Forty-two purchasers of a handgun were murdered in the first year after their purchase; firearms were involved in 40 (95 percent) of these cases. Homicide by means of a firearm accounted for 4.7 percent of all deaths in this cohort. In the state as a whole during 1991 and 1992, firearms were involved in 70.5 percent of homicides, and homicide by firearm accounted for 1.2 percent of all deaths. After adjustment for age, homicide by firearm accounted for fewer deaths than expected among male handgun purchasers (standardized mortality ratio, 0.84) but more deaths than expected among women (standardized mortality ratio, 2.20) (Table 3).

Among men who purchased a handgun, there were fewer deaths than expected from heart disease (standardized mortality ratio, 0.78), cancer (0.67), unintentional injury (0.67), and all causes (0.73) in the first year after the purchase of a handgun. Mortality from all causes among women was greater than expected (standardized mortality ratio, 1.09), though there were fewer deaths than expected from heart disease (standardized mortality ratio, 0.78), cancer (0.47), and unintentional injury (0.46). For women 21 to 44 years of age, the standardized mortality ratio for death from all causes was 1.53. In both cases, the entire increase in the risk of death from all causes could be accounted for by the excess number of deaths from suicide by firearm.

The rate of suicide by firearm among handgun purchasers remained greater than the rate in the general population throughout follow-up (Figure 2Figure 2Rates of Suicide by Firearm during the Six Years after Purchase among Persons Who Purchased Handguns in California in 1991.).

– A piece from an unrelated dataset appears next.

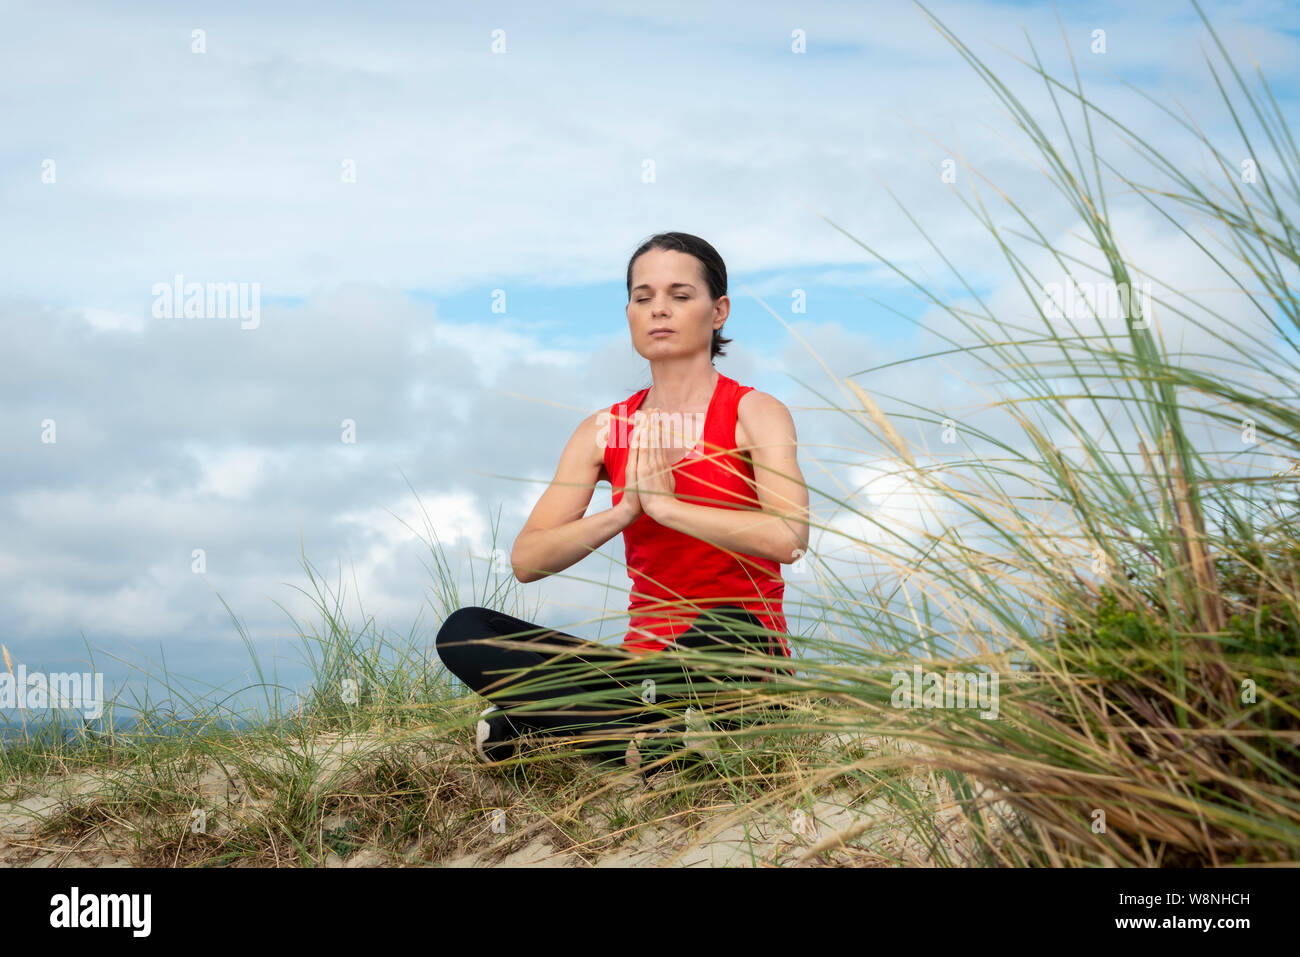 Woman sitting crossed legged and meditating, practicing yoga outside. Stock Photo

Standardized mortality ratios for suicide by all methods and for suicide by firearm were lower than those for the first year after purchase but remained high; those for homicide were little changed (Table 4Table 4Standardized Mortality Ratios for Suicide and Homicide among Handgun Purchasers during up to Six Years' Observation after Purchase in 1991 (1991 through 1996), as Compared with Average Mortality from Suicide and Homicide among All Adults in California in 1991 through 1996.). Women who purchased a handgun remained at high risk for both suicide by means of a firearm (standardized mortality ratio, 15.50) and death by homicide with a firearm (standardized mortality ratio, 2.01).

Men remained at decreased risk of death from causes other than suicide or homicide and from all causes combined (standardized mortality ratio, 0.69). Mortality from all causes was no longer increased for women overall (standardized mortality ratio, 0.94), but it remained greater than expected for women 21 to 44 years old (standardized mortality ratio, 1.43); 71.4 percent of this increase was attributable to excess deaths from suicide and homicide, and 49.6 percent was attributable specifically to suicide by firearm.

Discussion

The purchase of a handgun is associated with substantial changes in the risk of violent death. Among people who purchased a handgun in California in 1991, suicide was the leading cause of death in the first year after the purchase; suicide specifically with a firearm ranked second, after heart disease. The rate of suicide by firearm among handgun purchasers during the first week in which they could have had possession of their handguns, at 644 per 100,000 person-years, was similar to rates of suicide by all methods combined among male veterans who had been hospitalized for affective disorders (695 per 100,000 persons per year) or schizophrenia (456 per 100,000 persons per year).16

The increased risk of death associated with the purchase of a handgun resulted specifically from an increased risk of violent death; there were fewer deaths than expected from other causes among both men and women who purchased handguns. This finding is most likely due to an affluent-gun-buyer effect. The prevalence of handgun ownership rises with socioeconomic status,3 and increasing socioeconomic status is associated with a lower risk of death from most causes.17 Persons who in any year spend as much as $600 to purchase handguns are even more likely than other handgun owners to be of higher socioeconomic status than the general population. The risk of suicide generally decreases as socioeconomic status increases, however,18-20 suggesting that adjustment for socioeconomic status might reveal the increase in the risk of suicide after a handgun purchase to be even larger than we report here.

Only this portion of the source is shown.